* PROBLEM STATEMENT: Copy exactly, and only, the lines from the line containing "IKEA GODMORGON Шкаф" through the last line of the records below, both included, and leave out any pictures.

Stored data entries
****************

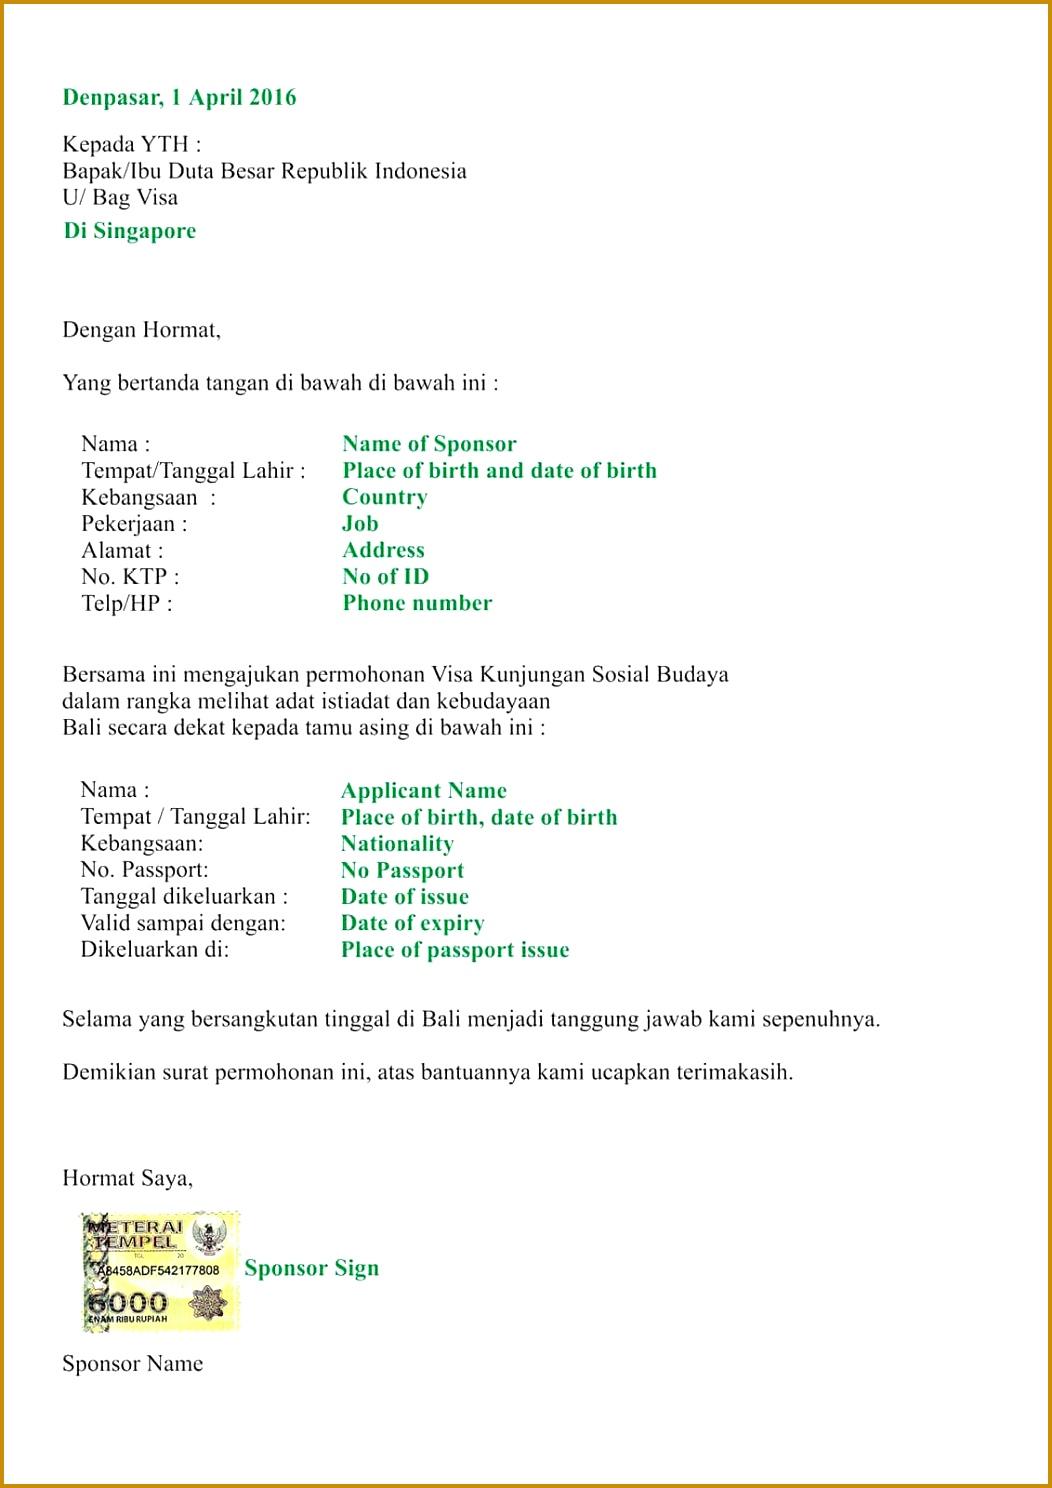 Sponsorship Letter Baliviza 14881052
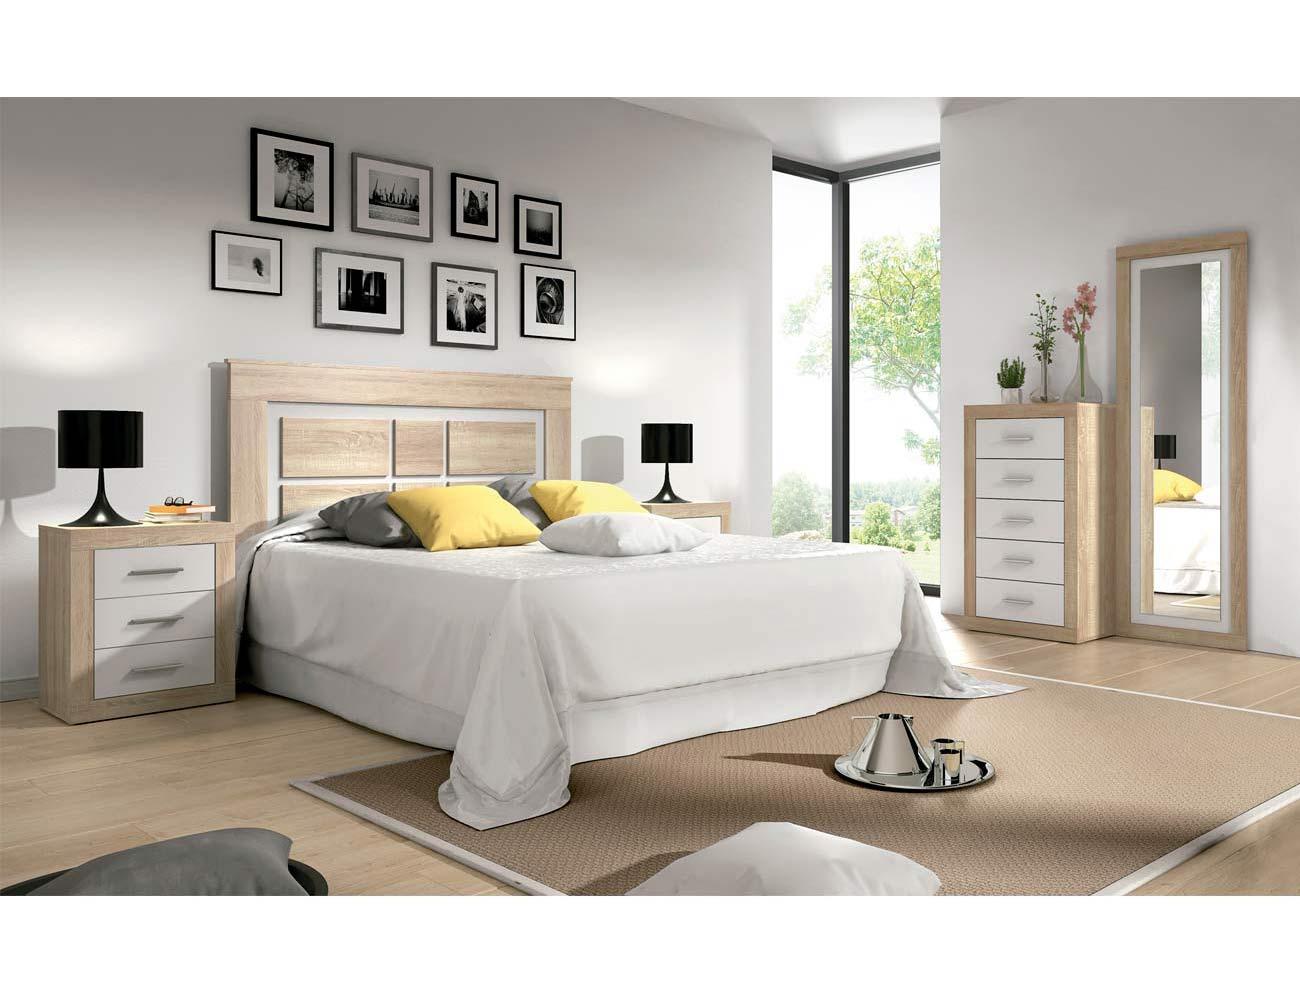 02 dormitorio matrimonio sinfonier cambrian blanco1
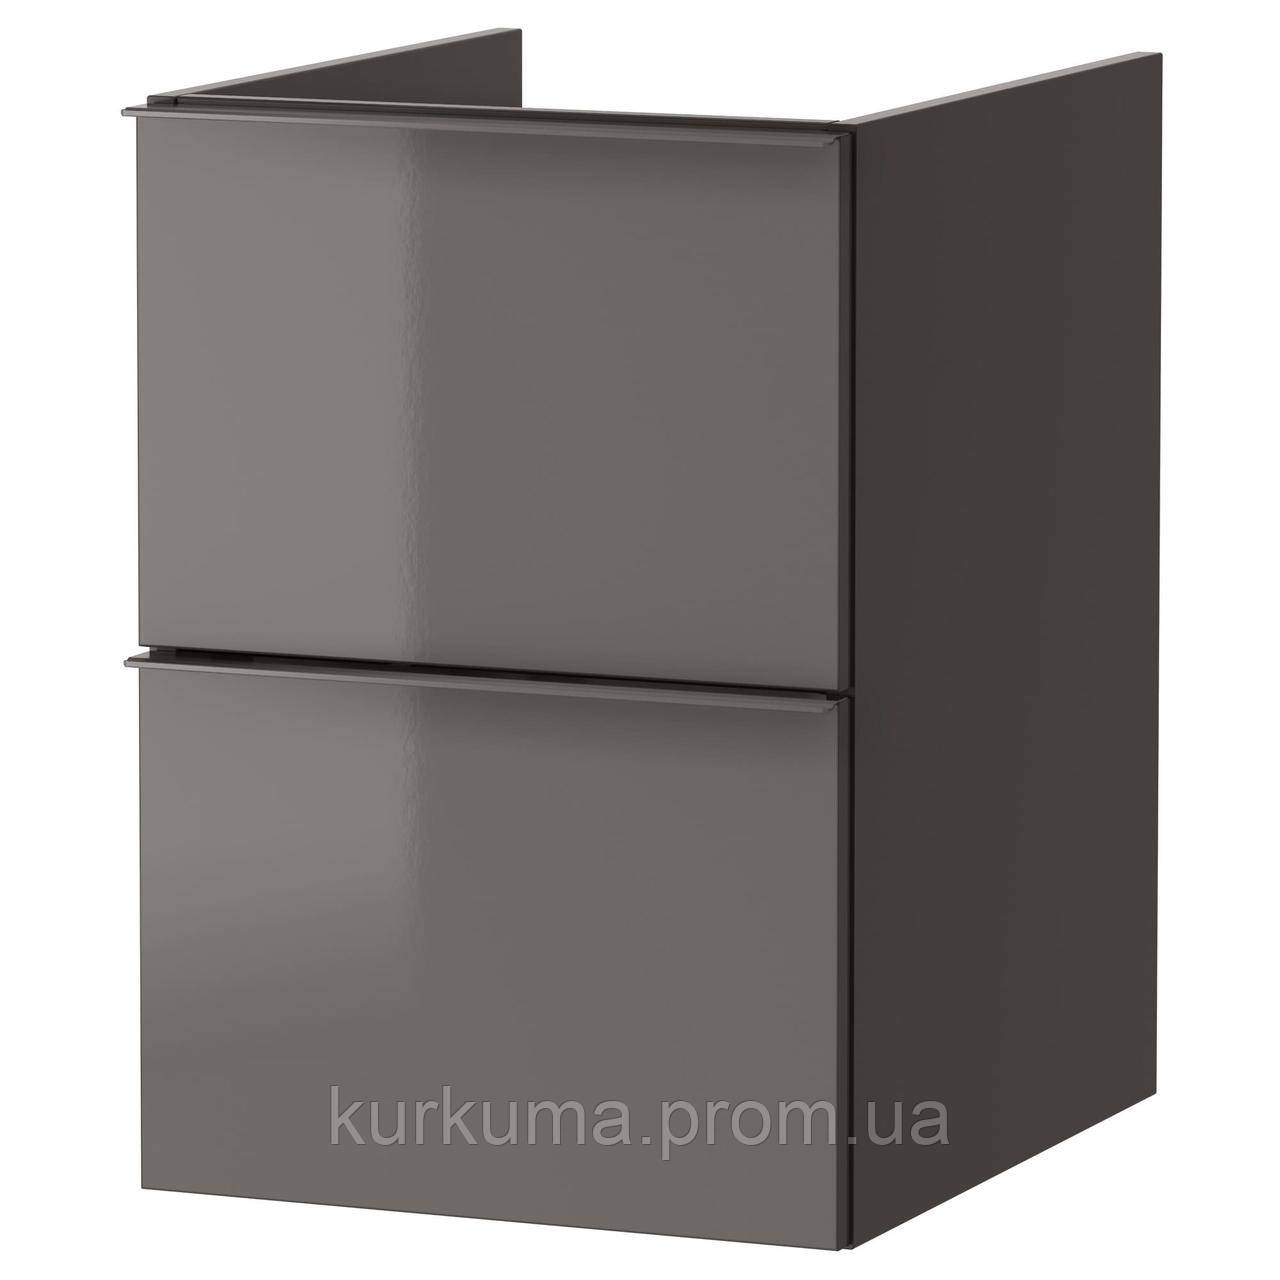 IKEA GODMORGON Шкаф под умывальник, глянцевый серый  (303.246.49)
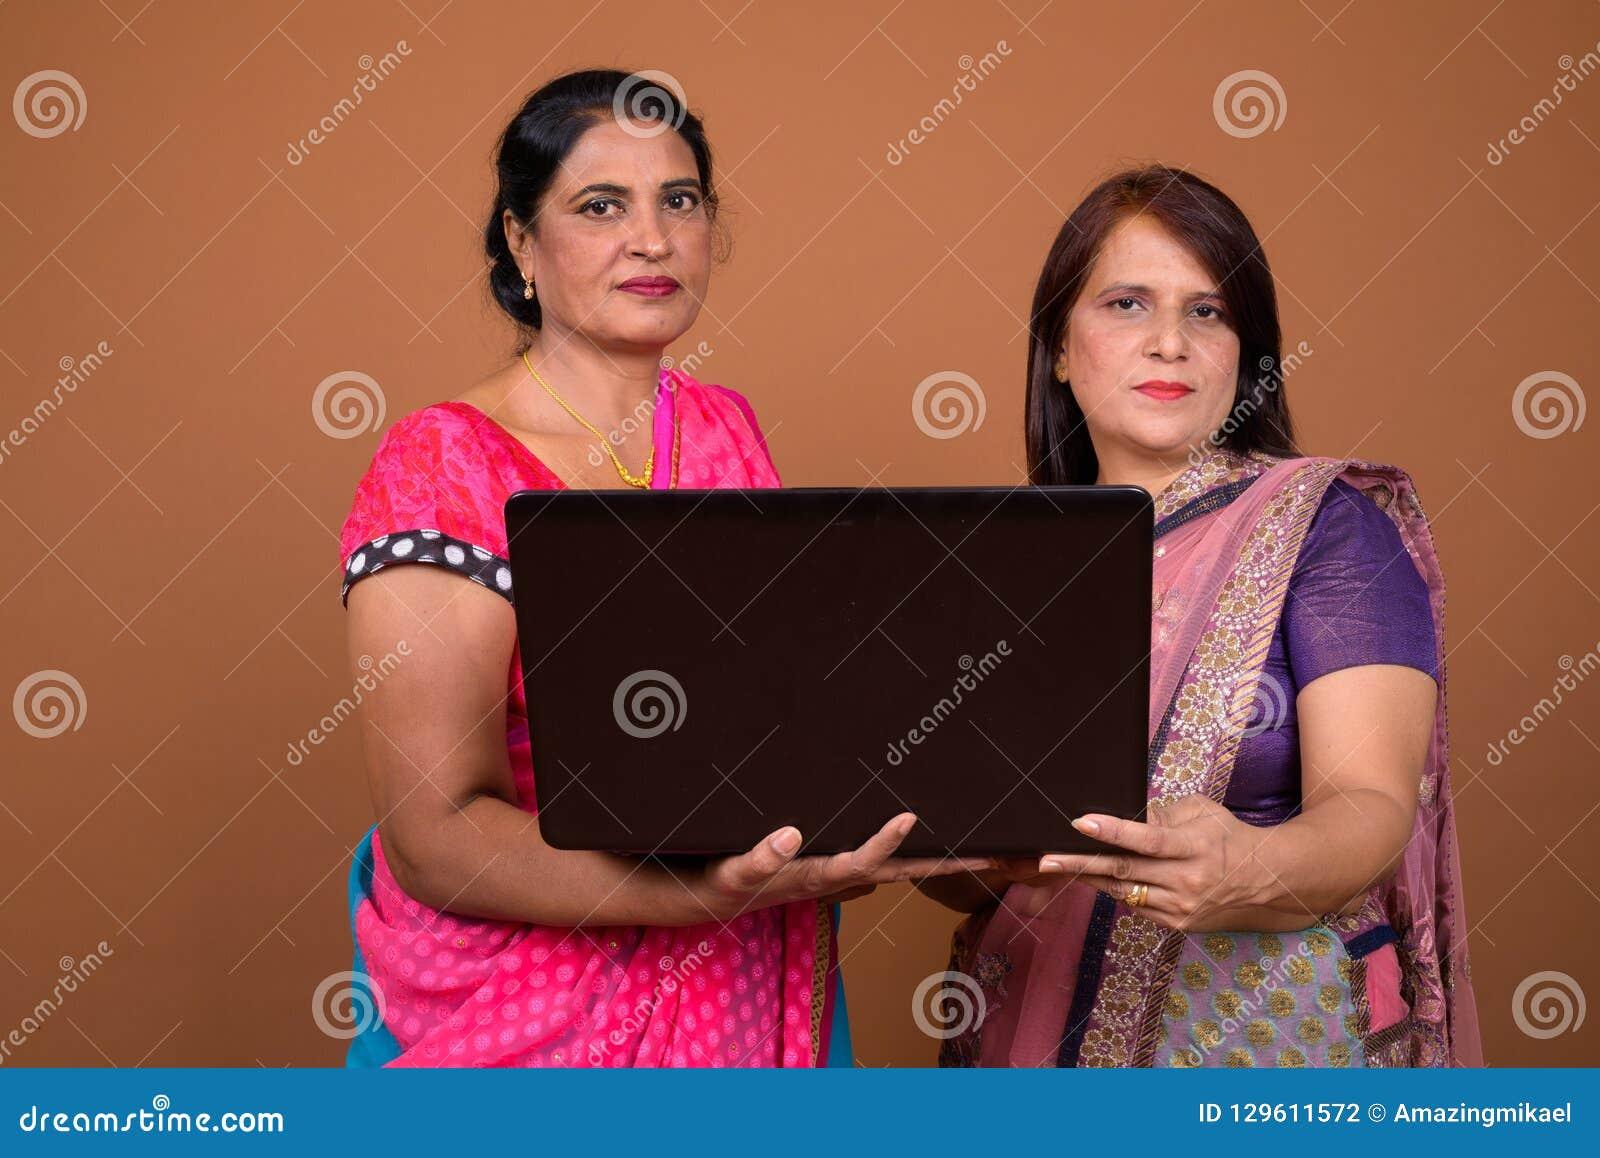 Tied Mature women
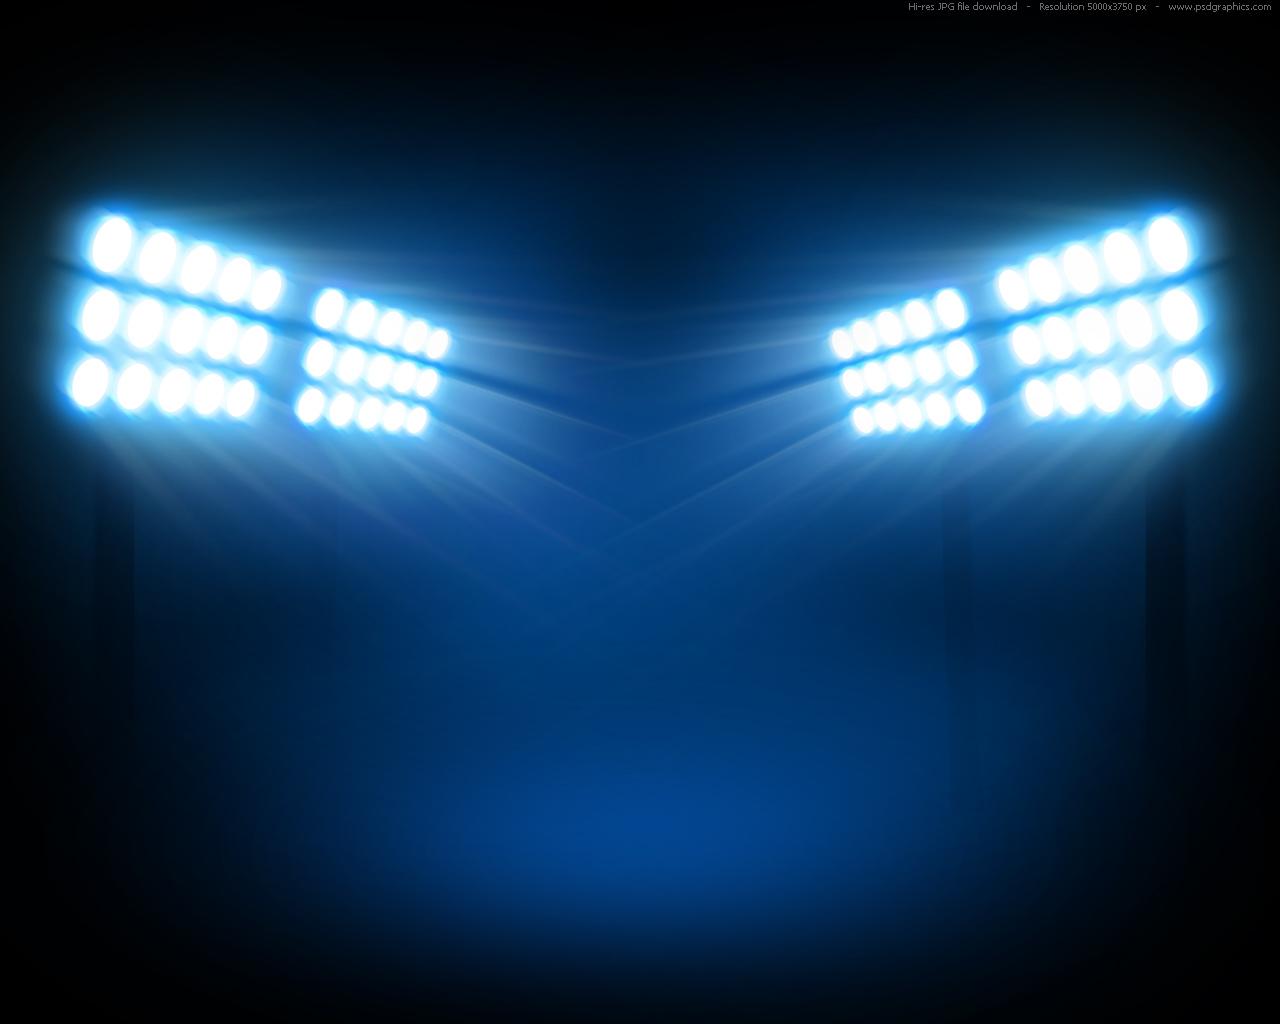 Stadium floodlights backgrounds PSDGraphics 1280x1024

****************

* PROBLEM SOLUTION:
 IKEA GODMORGON Шкаф под умывальник, глянцевый серый  (303.246.49)
 Tied Mature women
 Stadium floodlights backgrounds PSDGraphics 1280x1024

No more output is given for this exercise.